Tru bristled as the ugly memories cut through him. “Not anymore, is he, Juliette? The high-and-mighty Avery Blanchard saw to it my old man would never be a factor again, in our discussion or anyone else’s. Ever.”
Moisture sprang to her eyes, and she angled her head away, hiding it from him. “You’re being hateful, Tru.”
“That’s right, I am.”
He’d been consumed by hate for anything that had to do with Juliette’s father, or the fact that she’d abandoned Tru when he needed her most. Still was consumed, and he didn’t intend to apologize for it. Avery Blanchard had been responsible for Pa’s death, and a whole hell of a lot of heartache besides that, whether Juliette believed it or not.
The one good thing Blanchard managed to accomplish was his daughters. Camille was as innocent of the feud between their families as Ryan. And Juliette—
Would she resort to her father’s way of doing business to get the three hundred acres she wanted?
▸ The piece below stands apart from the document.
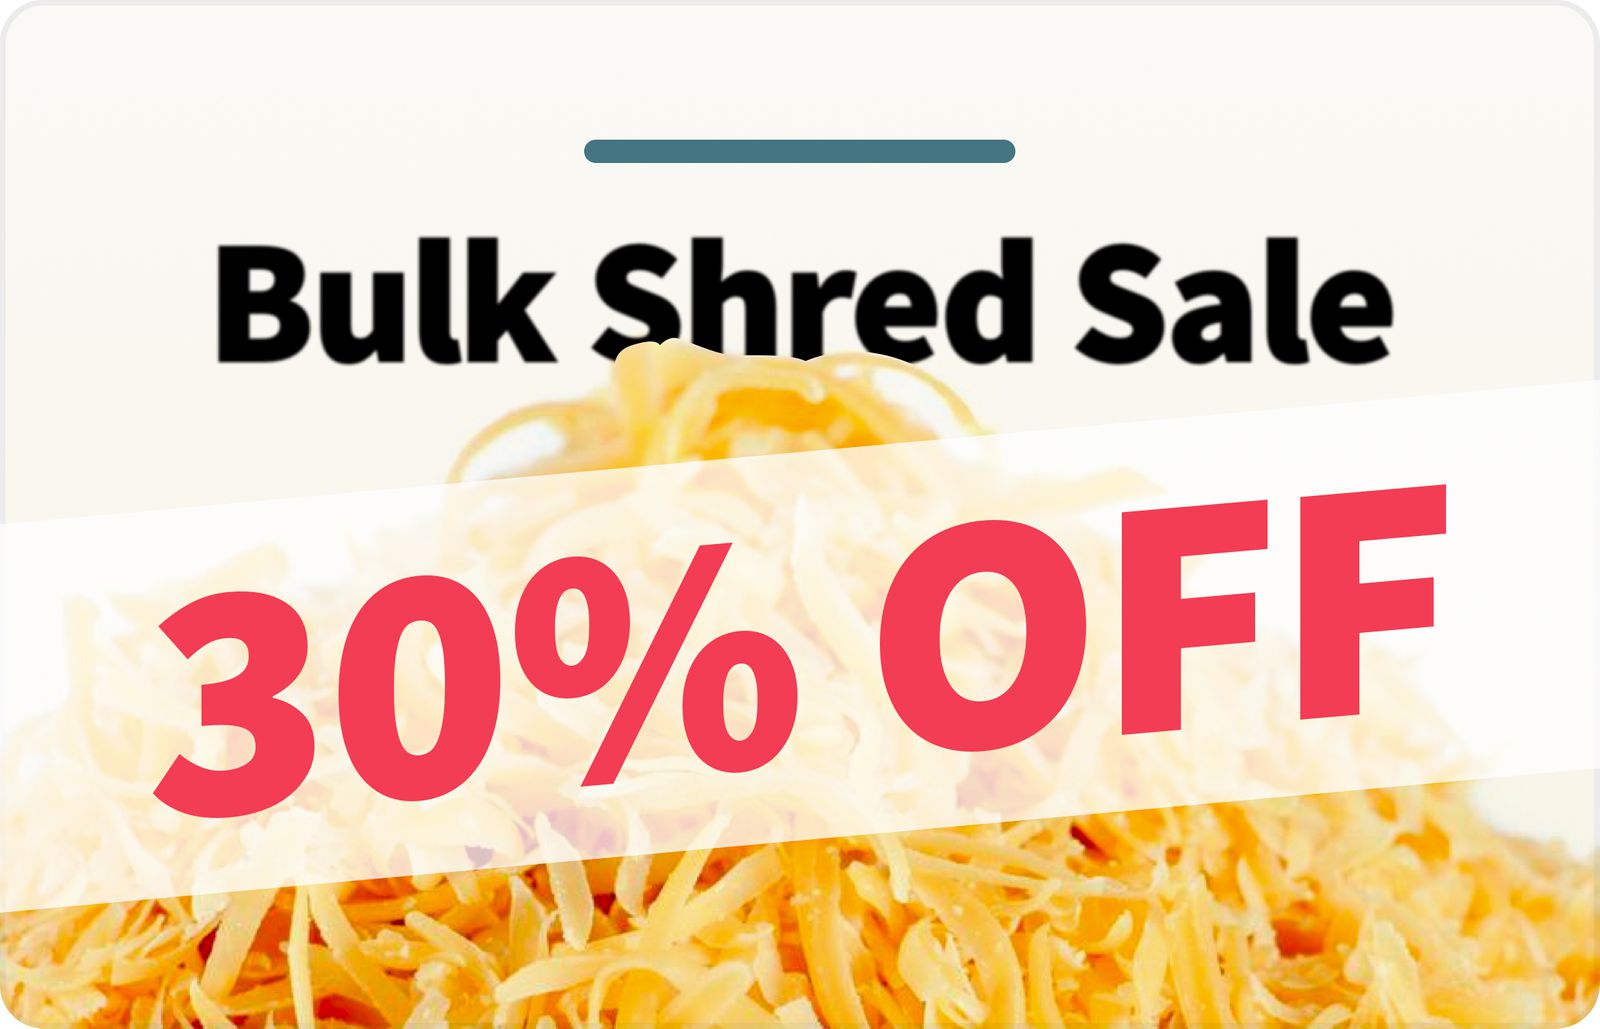 Bulk Shred Sale - 30% OFF!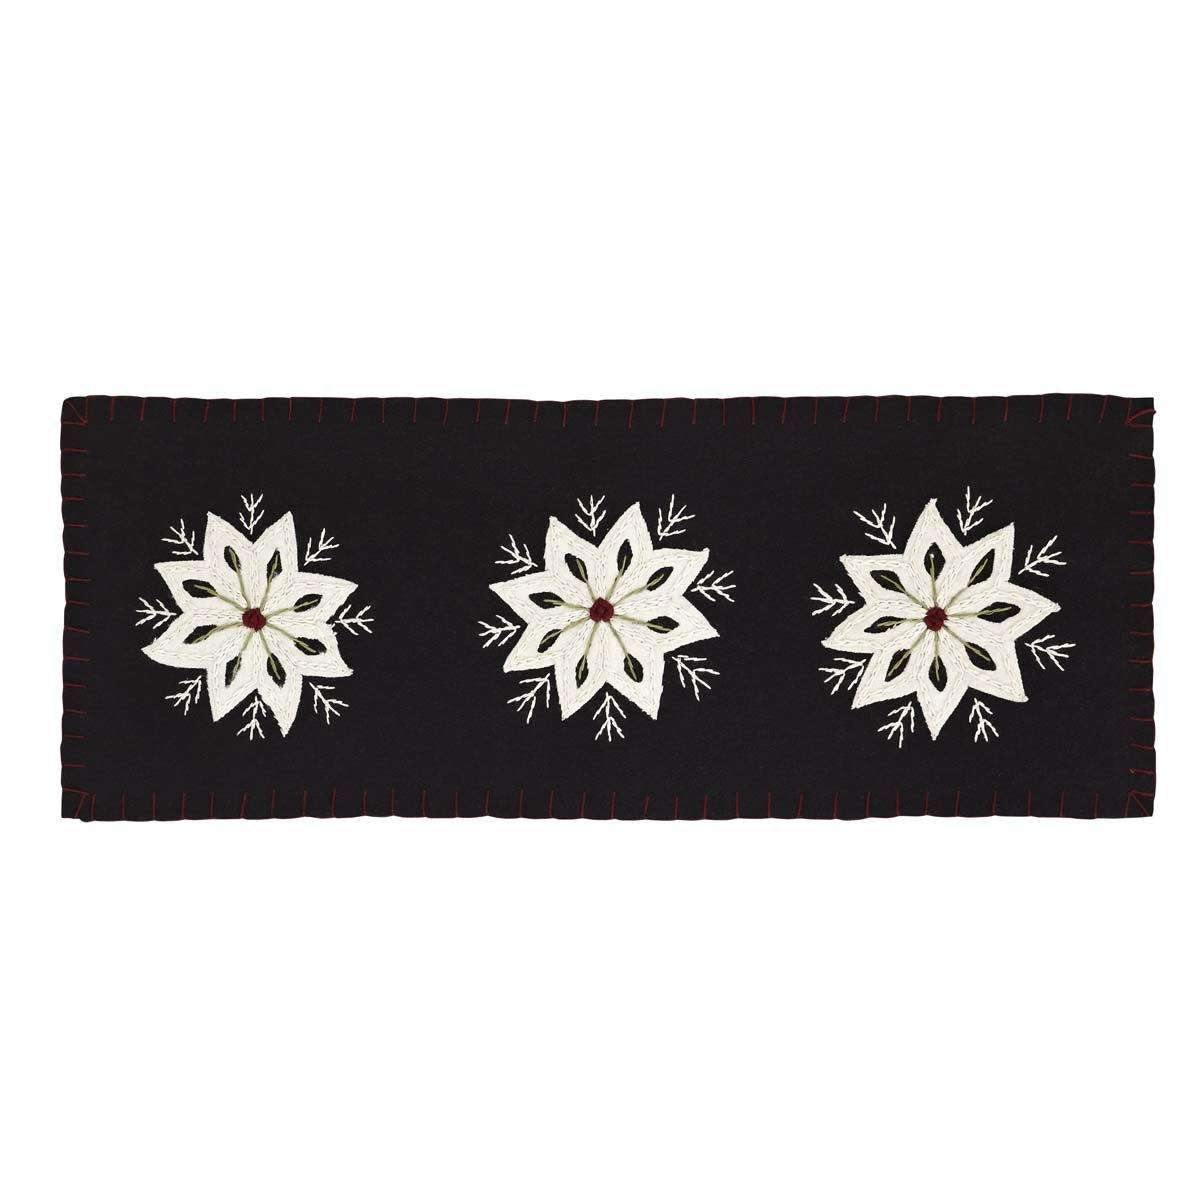 Christmas Snowflake Runner Felt Embroidery 8x24 VHC Brands - The Fox Decor

She’d always respected Avery Blanchard. Admired his accomplishments. His blood ran in her veins.
Hell, yes, she would.
Yet she’d been sweet and vulnerable in Tru’s arms four years ago. Untouched by the harsh ways of the world. She looked vulnerable now, too, as if he’d hurt her feelings with the slur against her old man.
Unexpected regret shot through him. Moments like these, it was hard to remain convinced she’d be as underhanded as Avery Blanchard was.
Tru turned away. The feeling unsettled him, and he let himself be distracted by the bull calf up on all four legs and making a wobbly attempt at walking. Tru maneuvered the cow from the chute so she could get acquainted with her baby.